Bo Tao is a scholar of the social and religious history of modern Japan. He is particularly interested in the role of Christians as political actors, both within the context of the Japanese domestic and imperial landscape, as well as in transnational circuits of religious exchange and cultural discourse during the twentieth century.
He is currently revising his dissertation, “Imperial Pacifism: Kagawa Toyohiko and Christianity in the Asia-Pacific War,” into a book manuscript (tentatively titled, The Christian Empires of Kagawa). The main goal of the book project is to illustrate the three seemingly distinct fields of religious and political activity that were tied together through the figure of Kagawa: (1) Christianity in Japan and its overseas diaspora and imperial territories; (2) the dense networks of Protestant Christian internationalists who supported and relied upon Kagawa’s image and influence as the so-called “Gandhi of Japan” to advance their missionary work; and (3) the project of postwar reconstruction under the Allied Occupation (1945-1952), during which Japan fell under the political and religious influence of the United States.

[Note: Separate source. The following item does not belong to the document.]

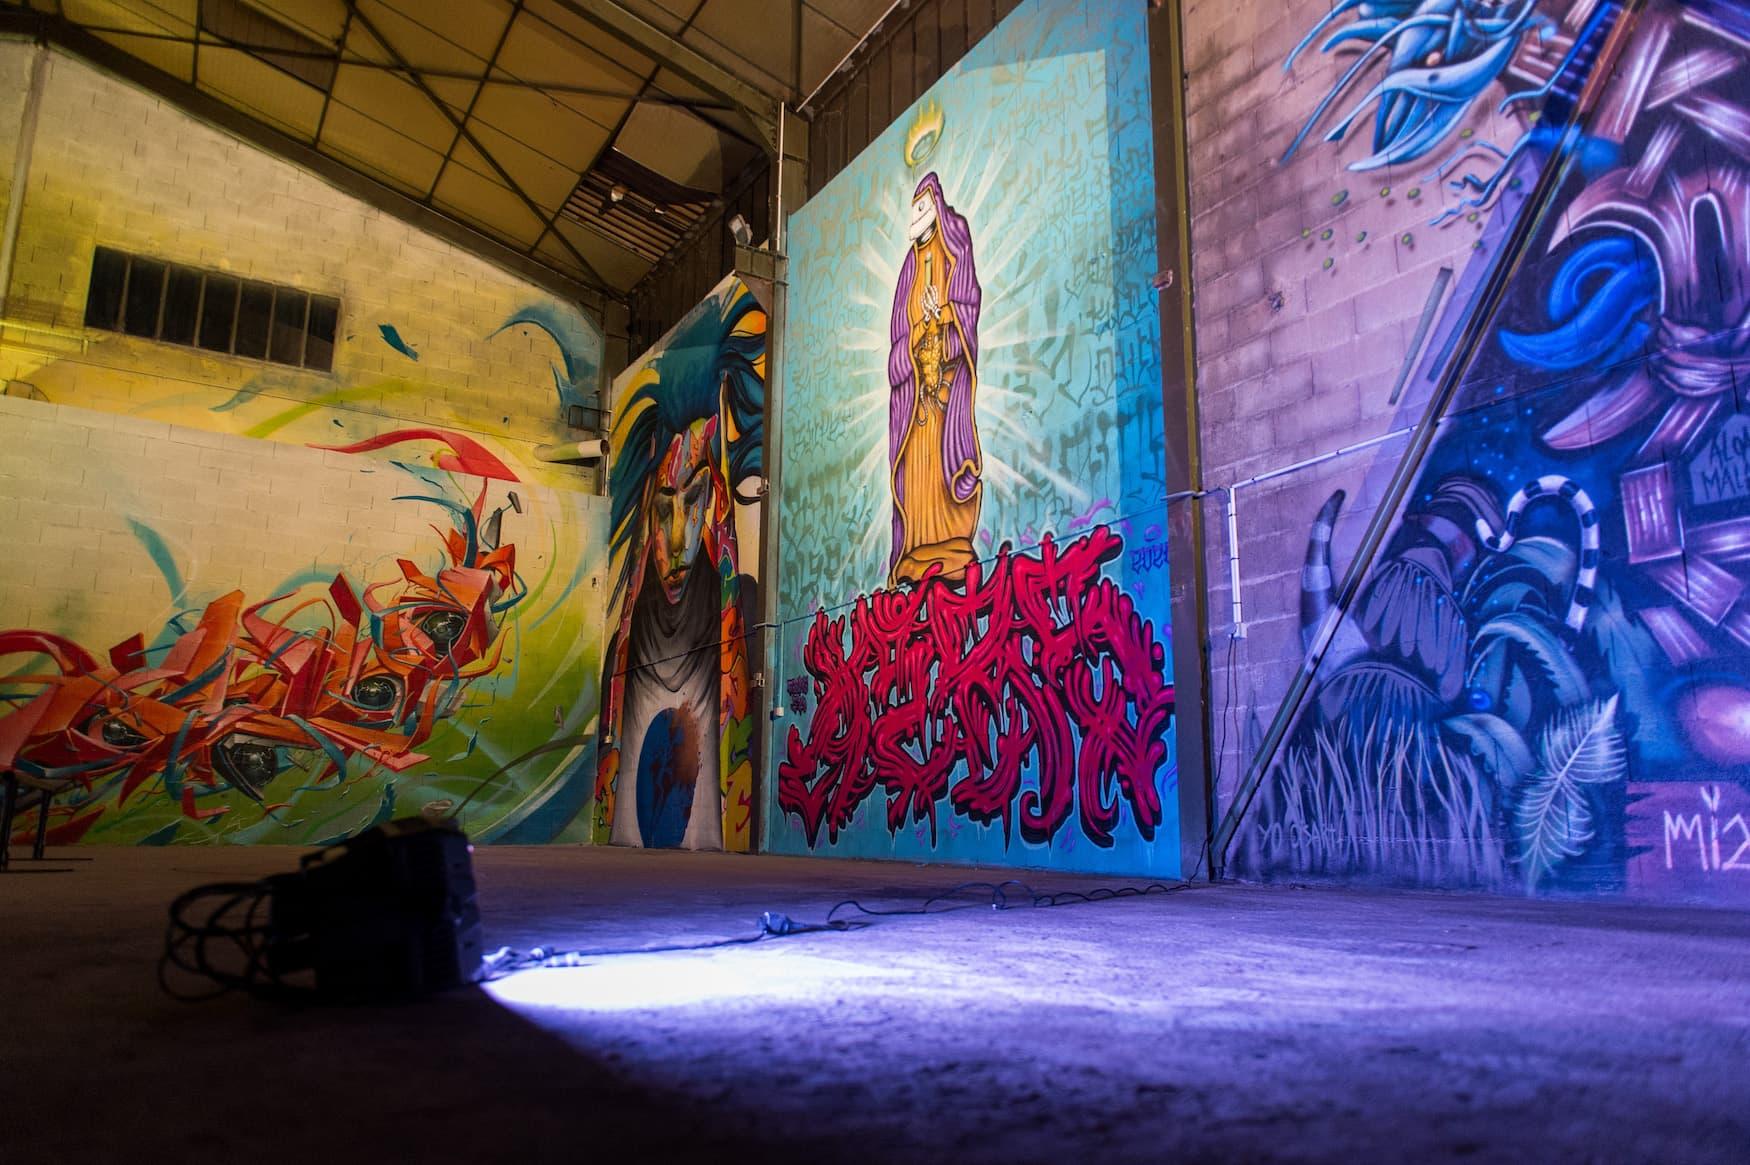 Straßenkunst der Künstlerin Xerou

Bo Tao is also interested in Asian American studies and in using his background to promote constructive dialogue between the fields of Japan/East Asian history and Asian American/U.S. history. His work on Kagawa offers a potentially useful case study in this regard, by illustrating the formation of transpacific networks of religious and cultural exchange between Japanese Christians, white American missionaries, and Japanese American communities in Hawai’i and the U.S. West Coast.
He has sought to use newly emerging digital tools and platforms to demonstrate this aspect of his work.